It attracts day trippers from Arusha on northern circuit safaris. Mt. Meru’s slopes, summit, and ash cone, the Momela Lakes, Ngurdoto Crater, and lush highland forests cover the small national park. Visitors stop to watch rare Colubus monkeys play in the canopy while game viewing around the Momela Lakes.
Arusha National Park visitors enjoy climbing Mt. Meru or hiking its lower trails. The three-day climb to the crater’s summit is quieter and more difficult than Mount Kilimanjaro. Visitors who don’t want to climb can hike to rivers and waterfalls on the lower slopes. Arusha National Park offers colobus monkeys, ancient fig tree forests, and crystal-clear mountain streams.
Arusha National Park, the closest national park to northern Tanzania’s safari capital, is a multi-faceted jewel that safari goers often overlook despite it offering the chance to explore a beguiling diversity of habitats in a few hours.

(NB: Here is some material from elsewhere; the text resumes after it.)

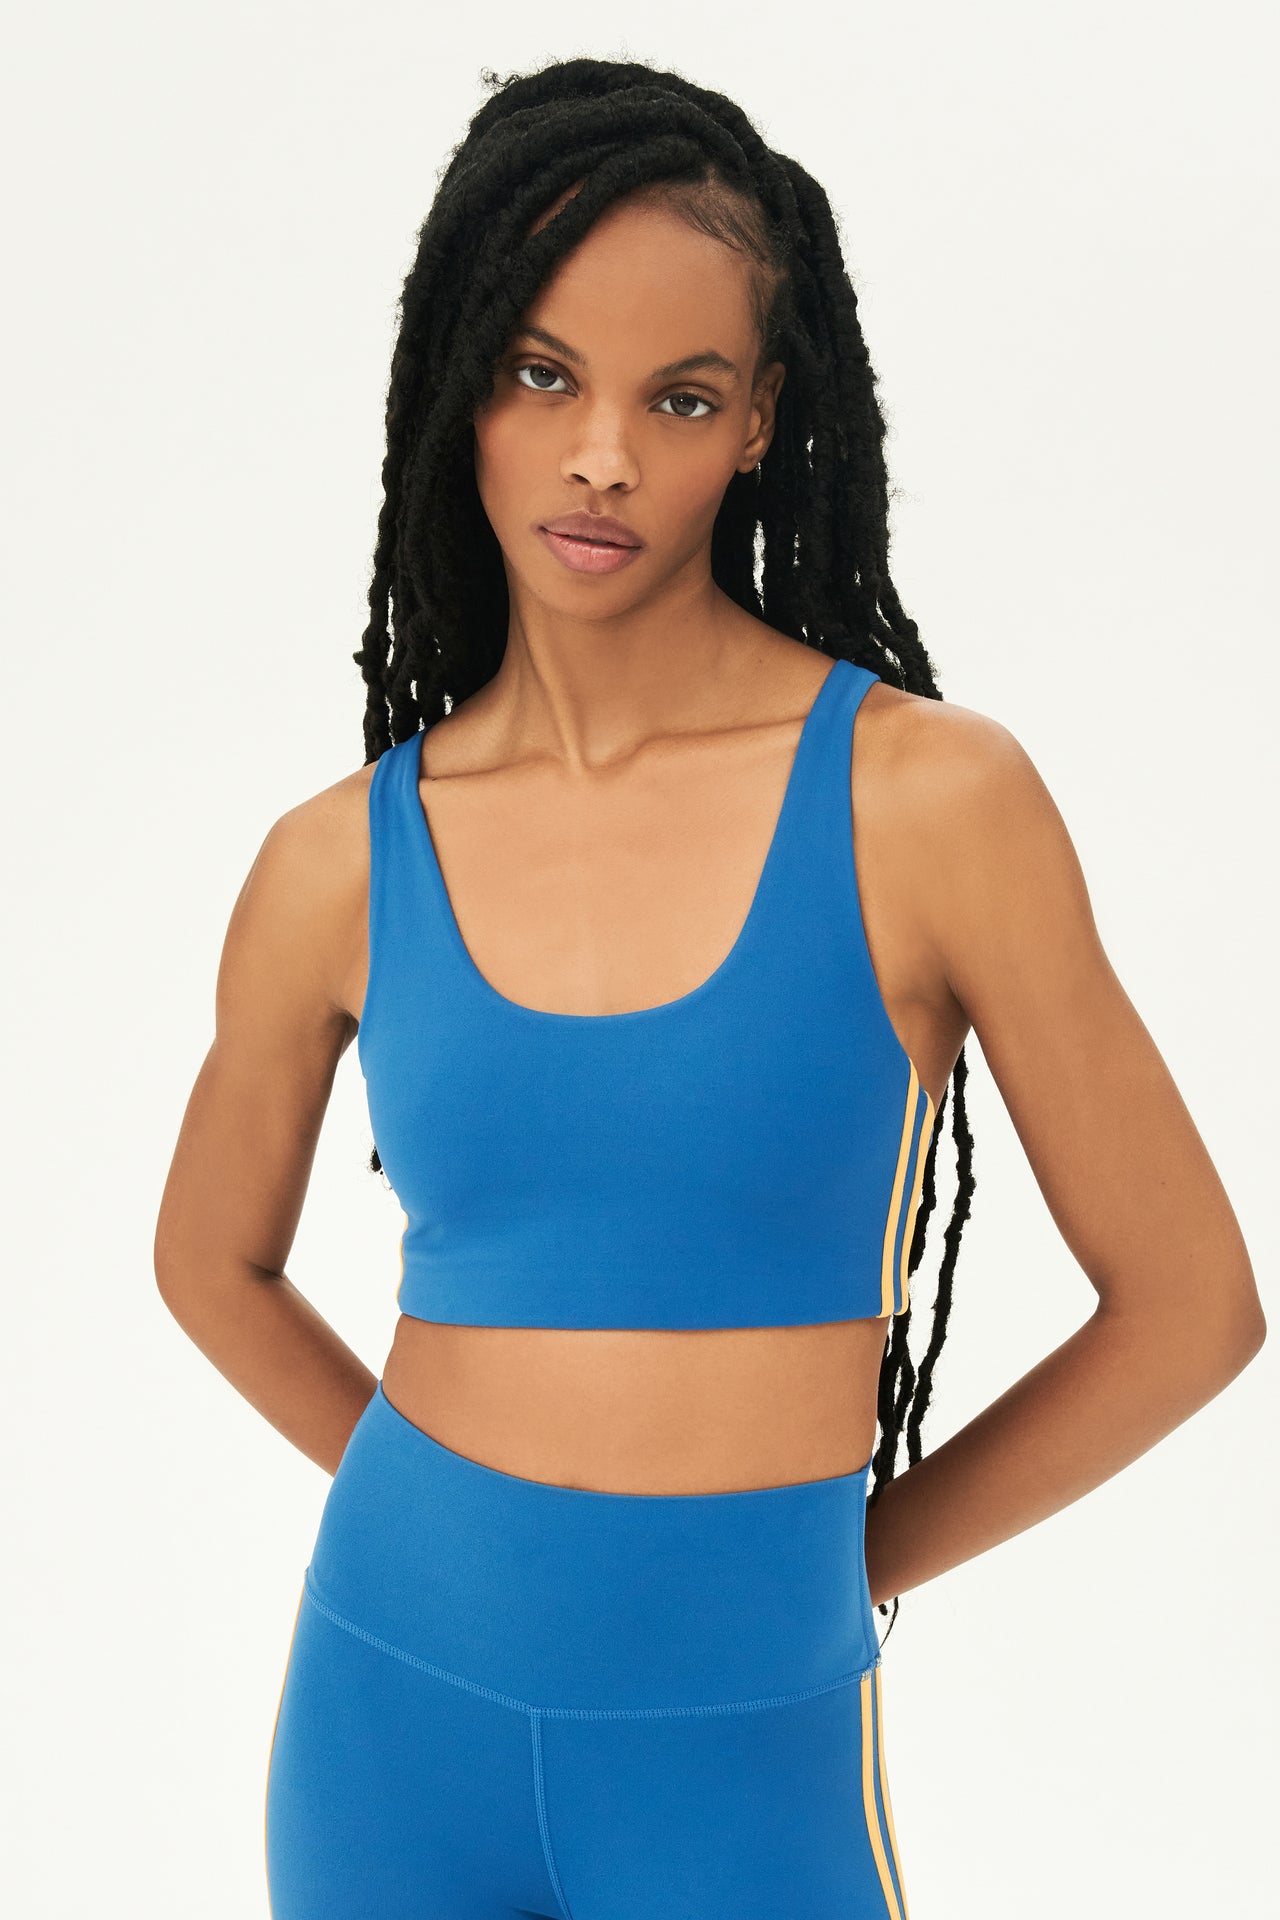 Front view of girl wearing blue sports bra with two thin yellow stripes down the side and blue leggings 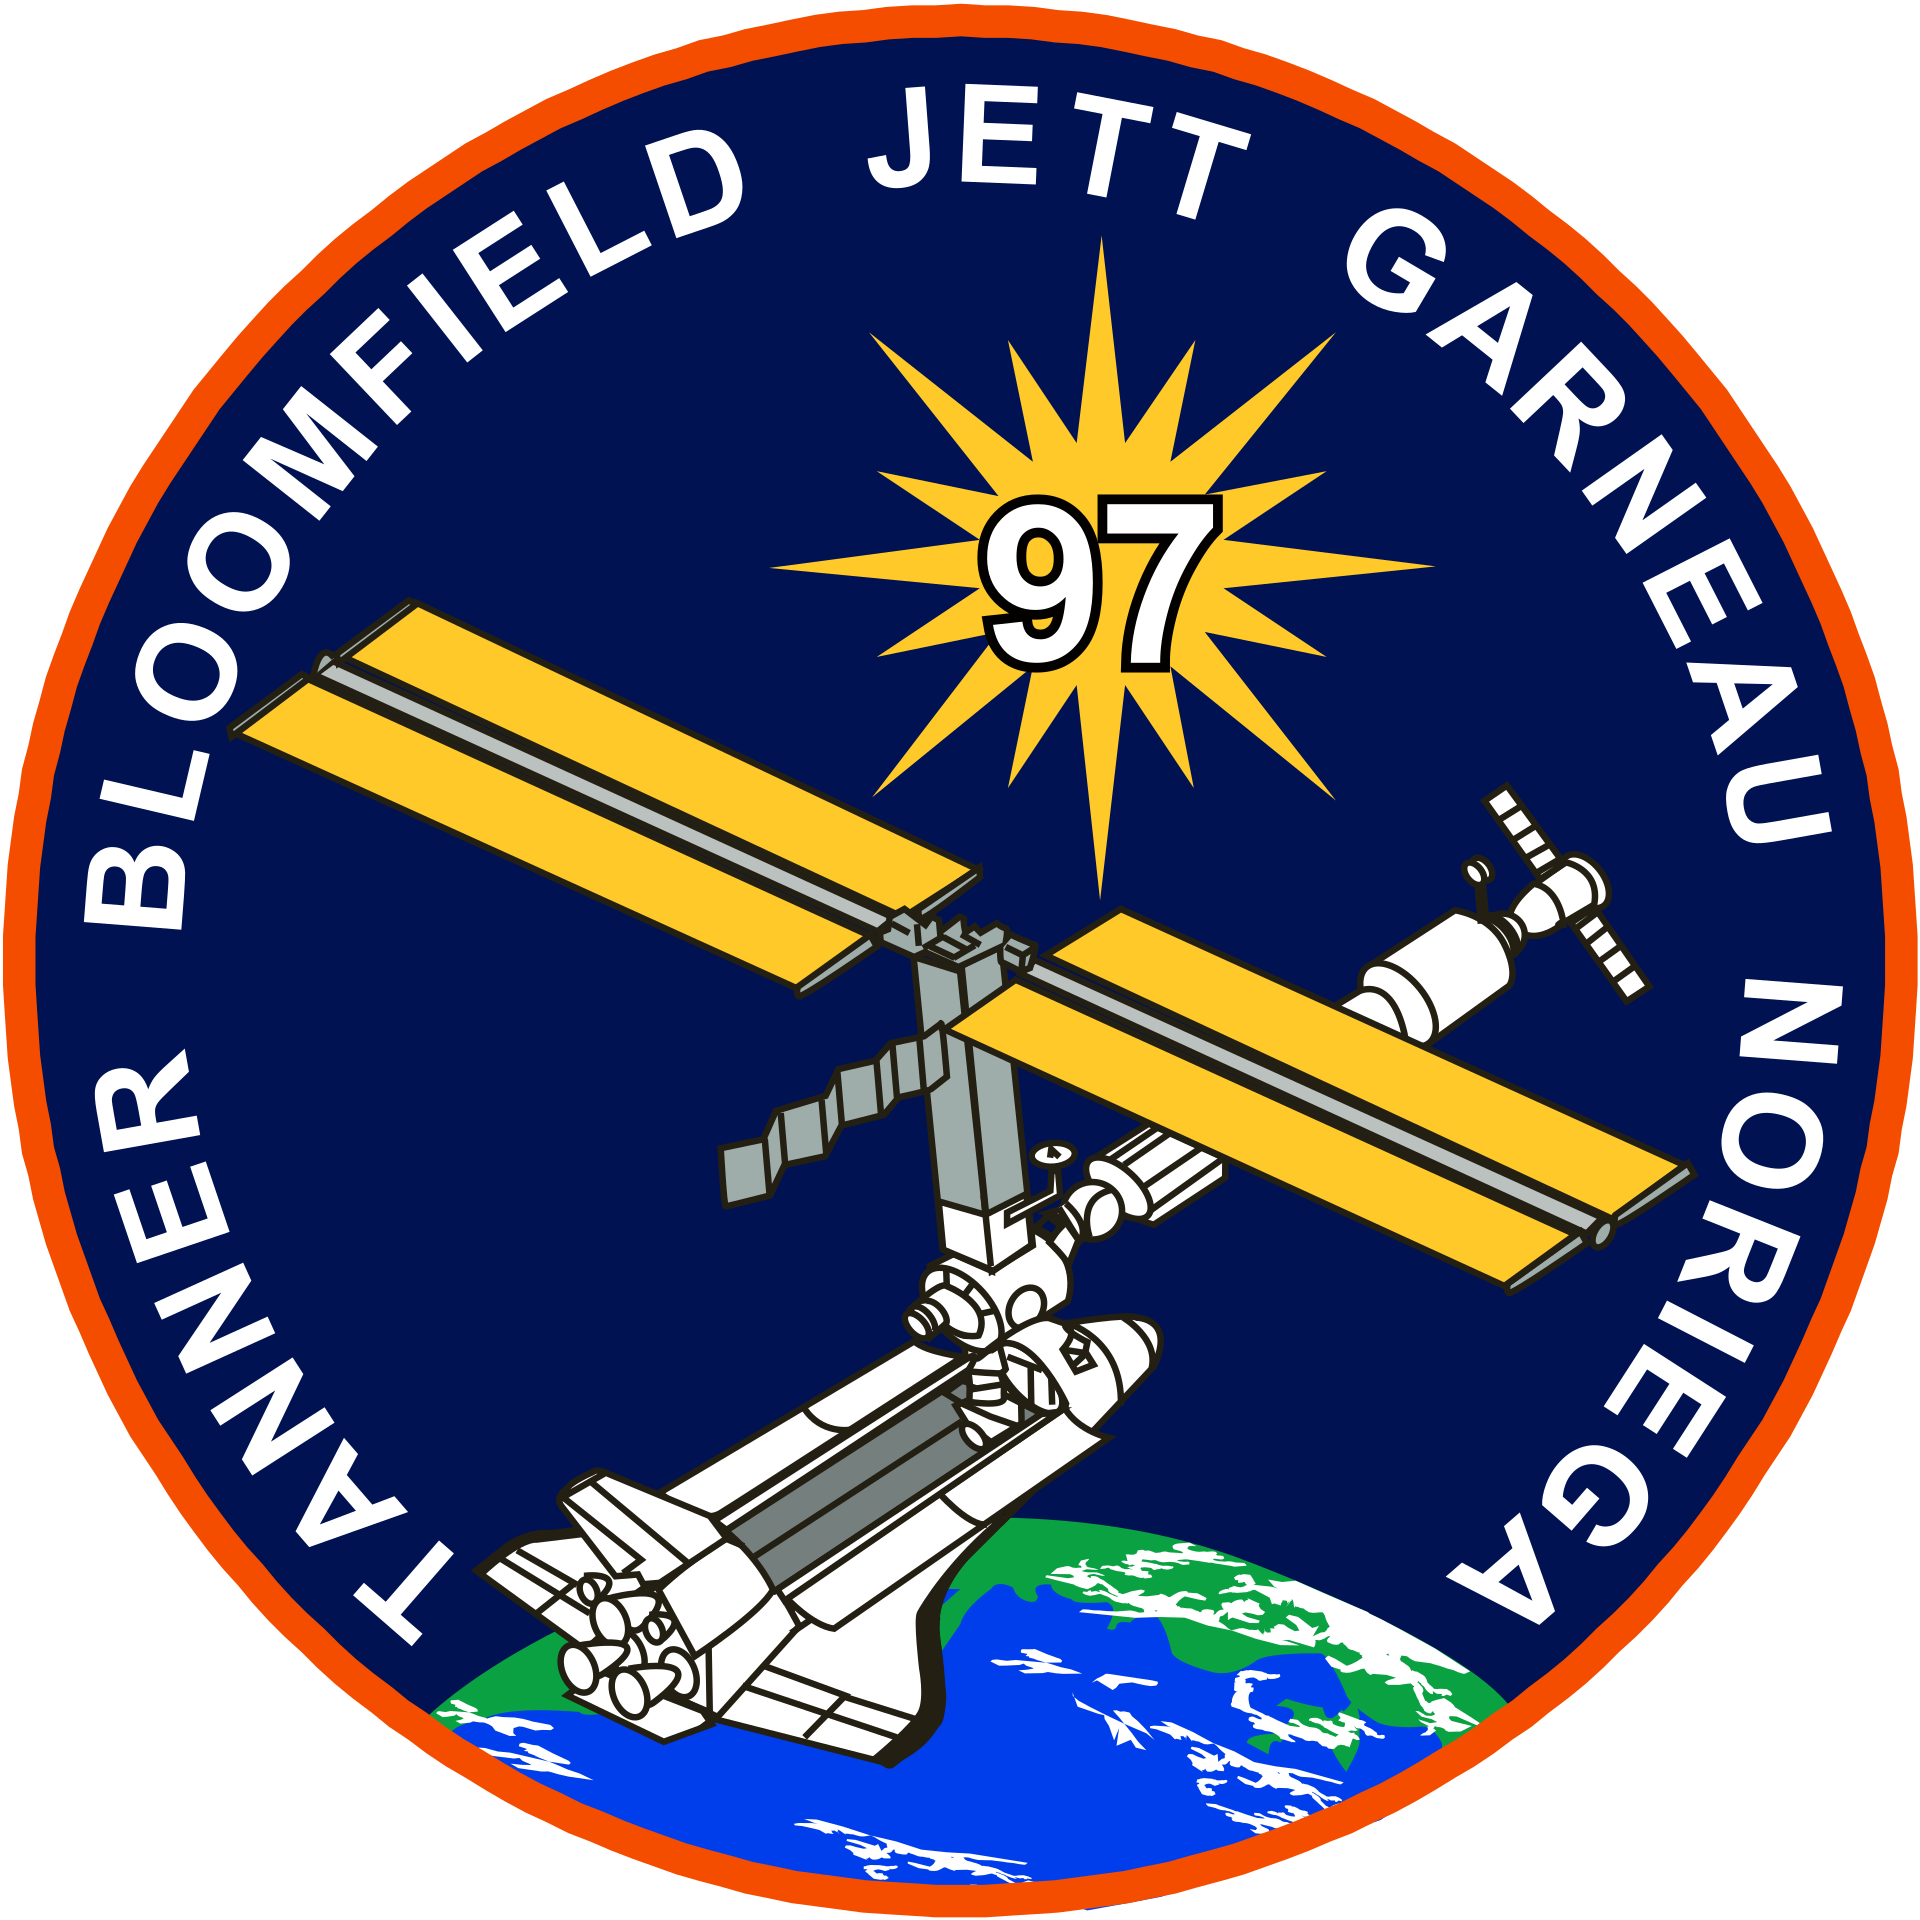 Mission patch for STS-97

The entrance gate leads into a shadowy montane forest with inquisitive blue monkeys, colourful turacos, and trogons, and is the only place on the northern safari circuit where the acrobatic black-and-white colobus monkey can be seen. Ngurdoto Crater’s steep rocky cliffs enclose a wide marshy floor with buffalo and warthog herds in the forest.
Further north, grassy hills surround the tranquil Momela Lakes, each a different colour. Flamingos fill the shallows. Waterfowl and shaggy waterbucks with large, lyre-shaped horns live in the lakes. Giraffes glide across grassy hills between grazing zebra herds, while pairs of wide-eyed dik-dik dart into scrubby bushes like overgrown hares on spindly legs.
Leopards and spotted hyenas roam Arusha National Park in the morning and afternoon, but elephants and lions are rare. At dusk and dawn, the eastern horizon’s cloud cover may lift, revealing Kilimanjaro’s snow-capped peaks 50 kilometers (30 miles) away. The park’s horizon is dominated by Kilimanjaro’s unassuming cousin, Mount Meru, Africa’s fifth-highest mountain at 4,566 meters (14,990 feet). Meru’s national park-protected peaks and eastern foot slopes offer stunning views of its famous neighbour and make for a rewarding hike.
The ascent of Meru begins in a wooded savannah with buffaloes and giraffes, then enters forests of red-hot pokers and Spanish moss before reaching open heath with giant lobelias. As delicate-hoofed klipspringers mark the hike, everlasting flowers cling to the alpine desert. Kilimanjaro glows at sunrise on its rocky summit.